Of all the people on the street, why should a girl on crutches have to guide a blind man across the street? She laughed again and tugged at his cap and seemed to be chiding him. Who else on this side of the street? And why not a girl on crutches? And if he didn’t get in gear the light was going to change again. It did and a motorist drew up to wait. He was not impatient. He would have waited all night, because even as the man and the young woman walked past his idling car, he seemed reluctant to drive off.
The man with the cane put his hand on the girl’s shoulder and together they reached the other side of the street. He embraced her momentarily, and sought to touch her cheek. They were two people, strangers, sharing a very profound truth about themselves, and about each other, and it seemed that at this moment they understood something about humanity that others-less fortunate than they-might never understand. A minute later they were gone, in different directions, leaving the street a little less empty than it had been before.
Sermon: Crossing the Street To My Neighborhood Circle
This little story perfectly and profoundly illustrates our Neighborhood Circles of Care.
The woman in crutches was walking across the street – and why was she walking across the street? She wanted to get to the other side, as the old story goes.
She heard the sound of the man’s cane and she turned around and gave him her arm.
Why did she give her arm to him? First of all, she gave him her arm because she could, but more importantly, and more to the point, she gave him her arm because something in her needed to…something in her needed to know that she was not locked into her disability…she needed to do what she could…she was able.
She lived with her disability, all day every day. She took it in stride, literally.
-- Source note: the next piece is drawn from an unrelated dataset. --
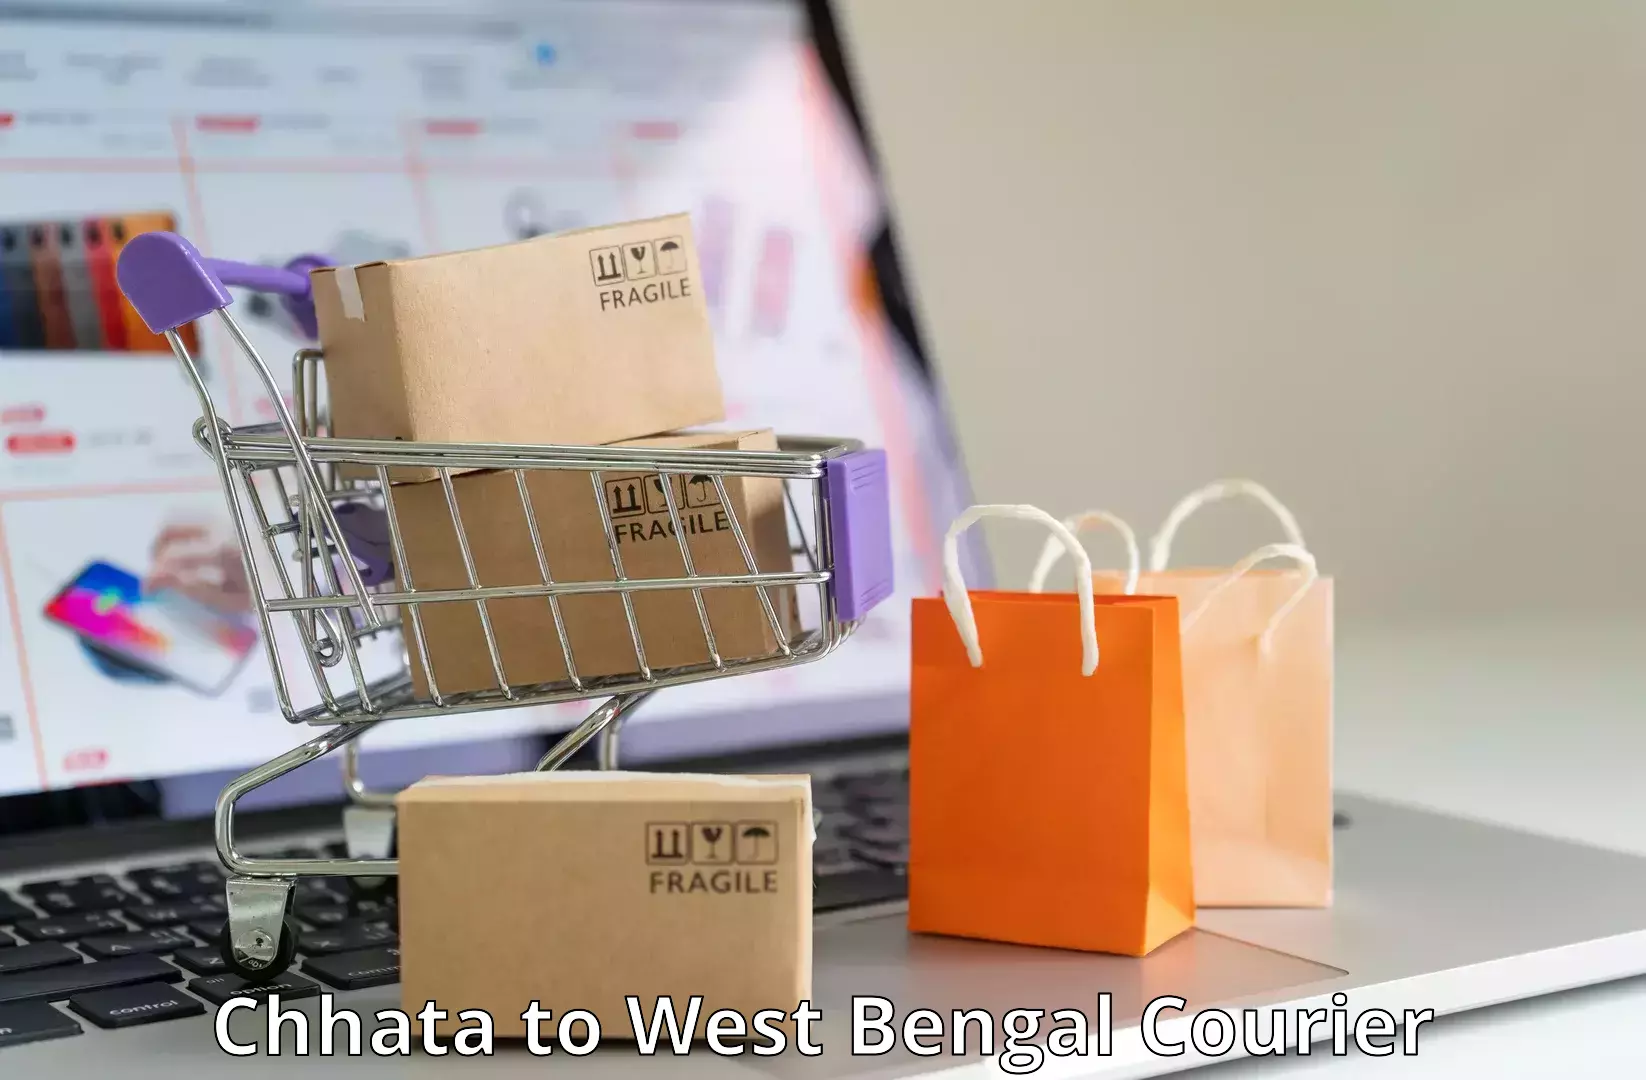 Door-to-door freight service Chhata to West Bengal

Klobuchar said, “She moves in deliberate, lunging strides, each precisely as long as the last.”
We move through the minutes and hours and days of our lives, each precisely as long as the last…the last minute, the last hour, the last day.
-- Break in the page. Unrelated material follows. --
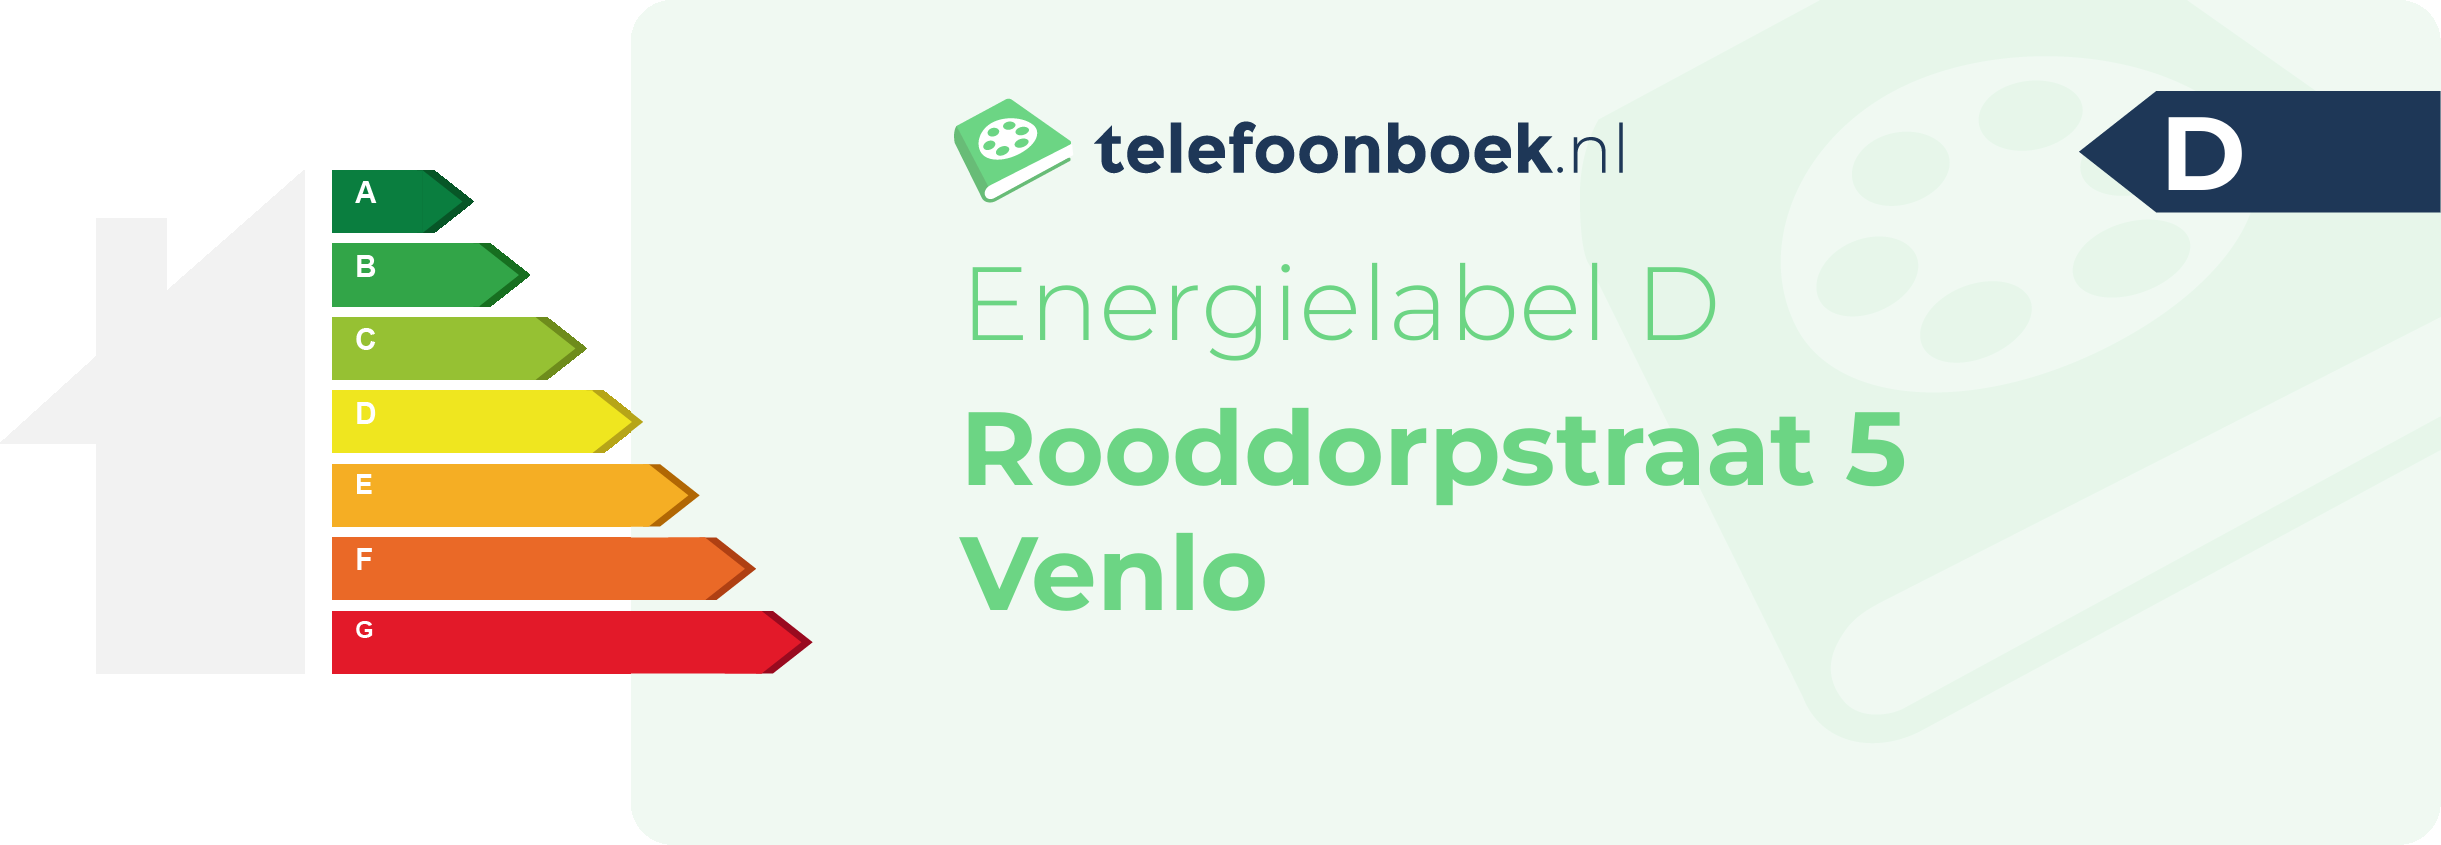 Energielabel Rooddorpstraat 5 Venlo

No one had to tell her that ‘if there’s any good thing she could do, or any kindness she could show to any person that she should do it now, that she may not pass this way again.’
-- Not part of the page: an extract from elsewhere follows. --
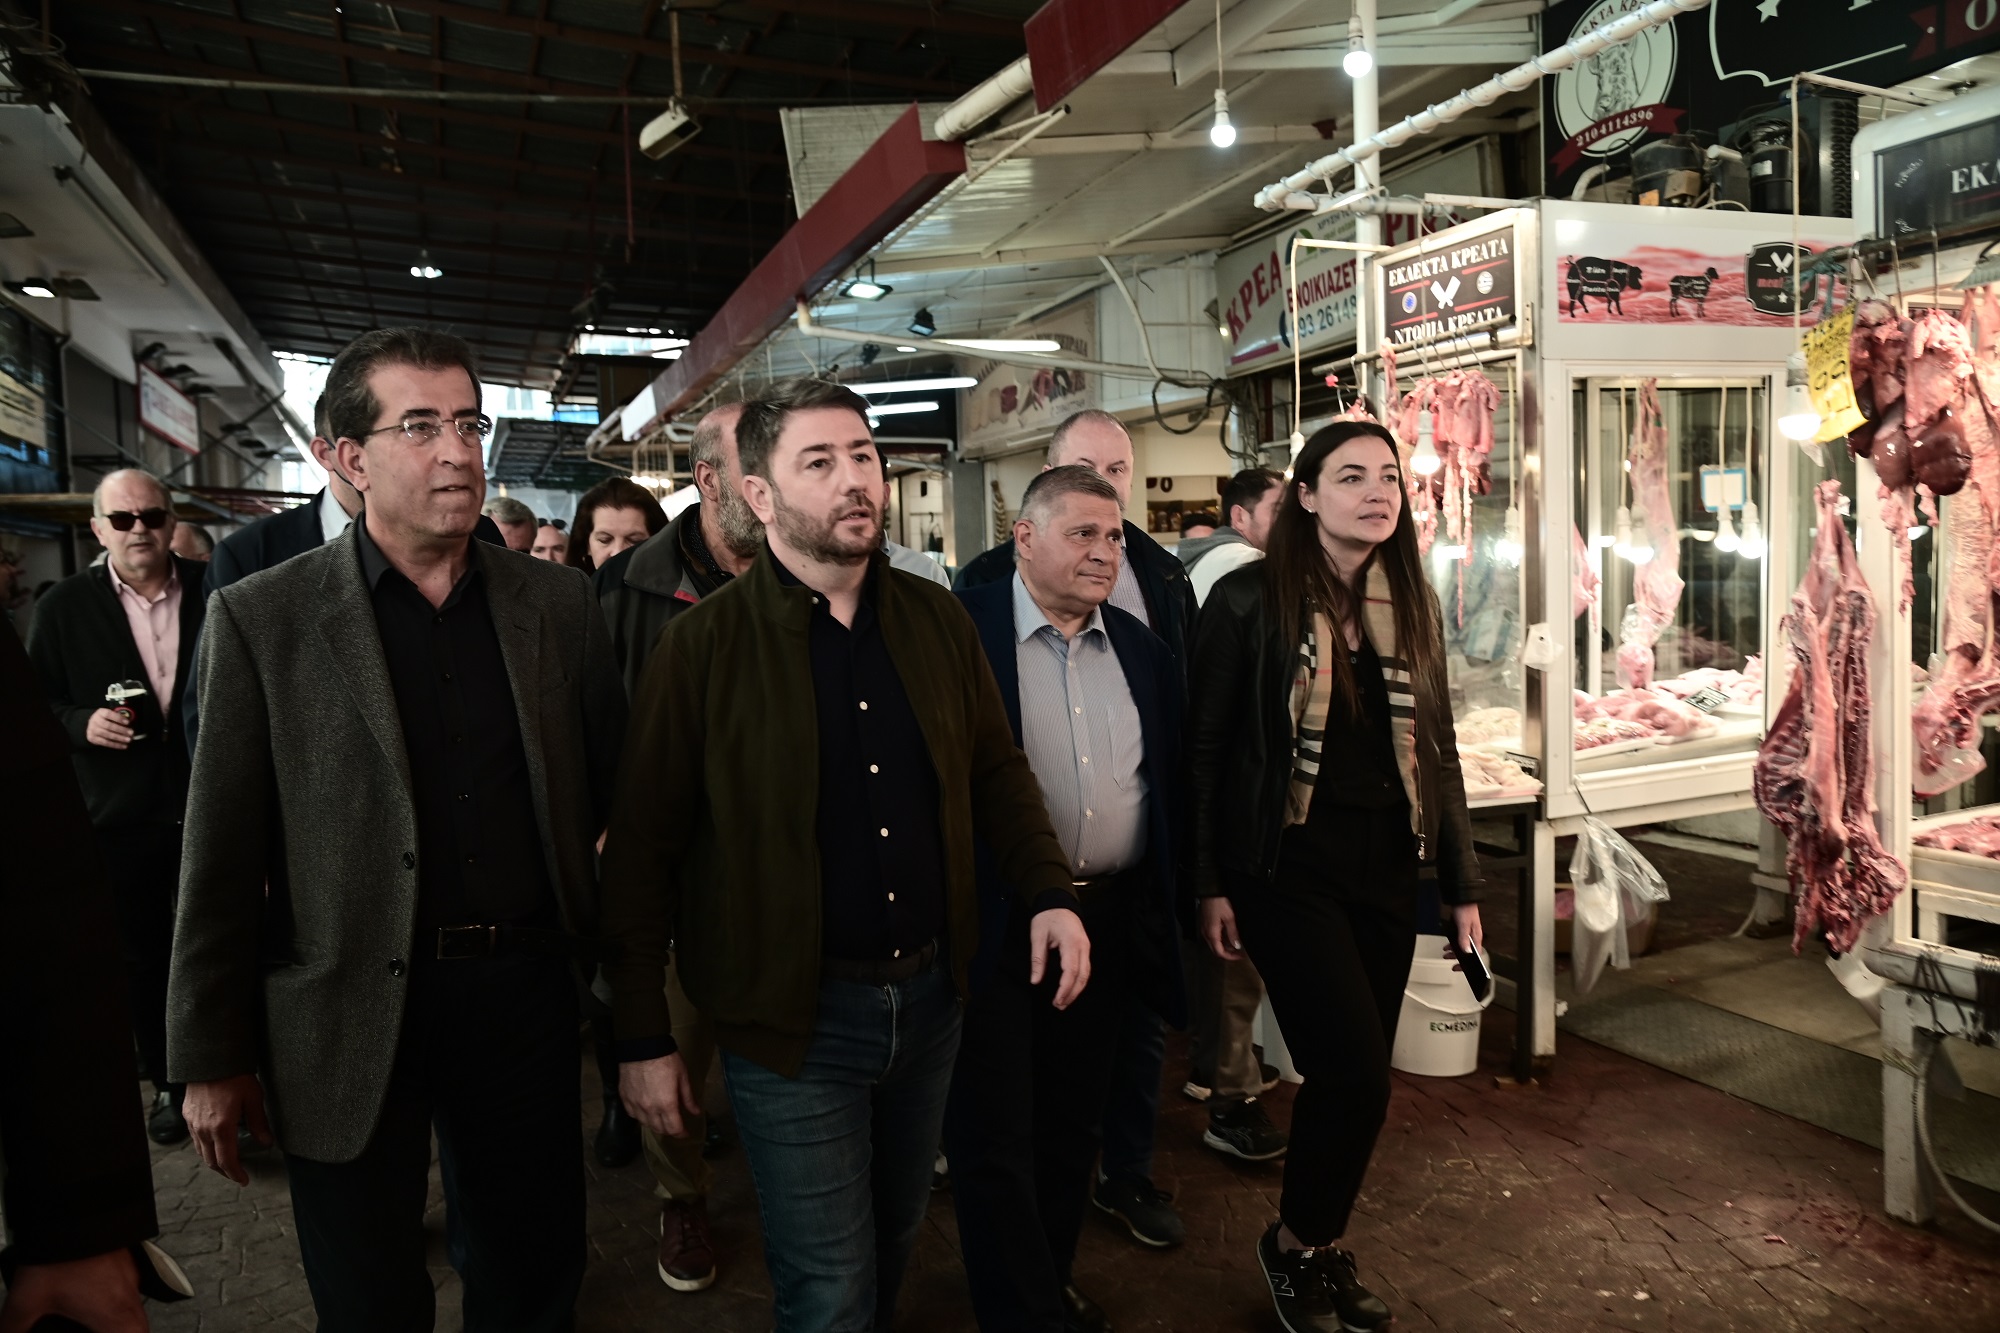 Νίκος Ανδρουλάκης από Πειραιά: Οι εκλογές ευκαιρία νέας αρχής για το λαό

She might have been a practicing Christian or Jew, a Muslim or Buddhist… she might have been a Hindu a Taoist or Mormon. She might not have belonged to any religious group…she might have been a non-practicing atheist – I say non-practicing because atheists in our culture aren’t supposed to be engaging in acts of kindness – no group has a monopoly on kindness.
Christians, Jews, Muslims, Buddhists, Hindus, Taoists and Mormons all talk about this thing in us…this thing that makes us human…this thing that atheists and agnostics know just as much about as any believers know – maybe more.
We’re all crossing the street together, variously abled and variously disabled. We’re all limited in our abilities, and we all need to have experiences in life that help us to get out of our disabilities, to get beyond our limited-ness…and to get to the other side of the street.
It’s as simple and as profound as that.
We’re all what Henri Nouwen called, ‘wounded healers.’ He says:
“Nobody escapes being wounded. We all are wounded people, whether physically, emotionally, mentally, or spiritually. The main question is not “How can we hide our wounds?” so we don’t have to be embarrassed, but “How can we put our woundedness in the service of others?” When our wounds cease to be a source of shame, and become a source of healing, we have become wounded healers.
Closing words:
May the road rise up to meet you.
May the wind be always at your back.
May the sun shine warm upon your face;
the rains fall soft upon your fields and until we meet again,
may God hold you in the palm of His hand.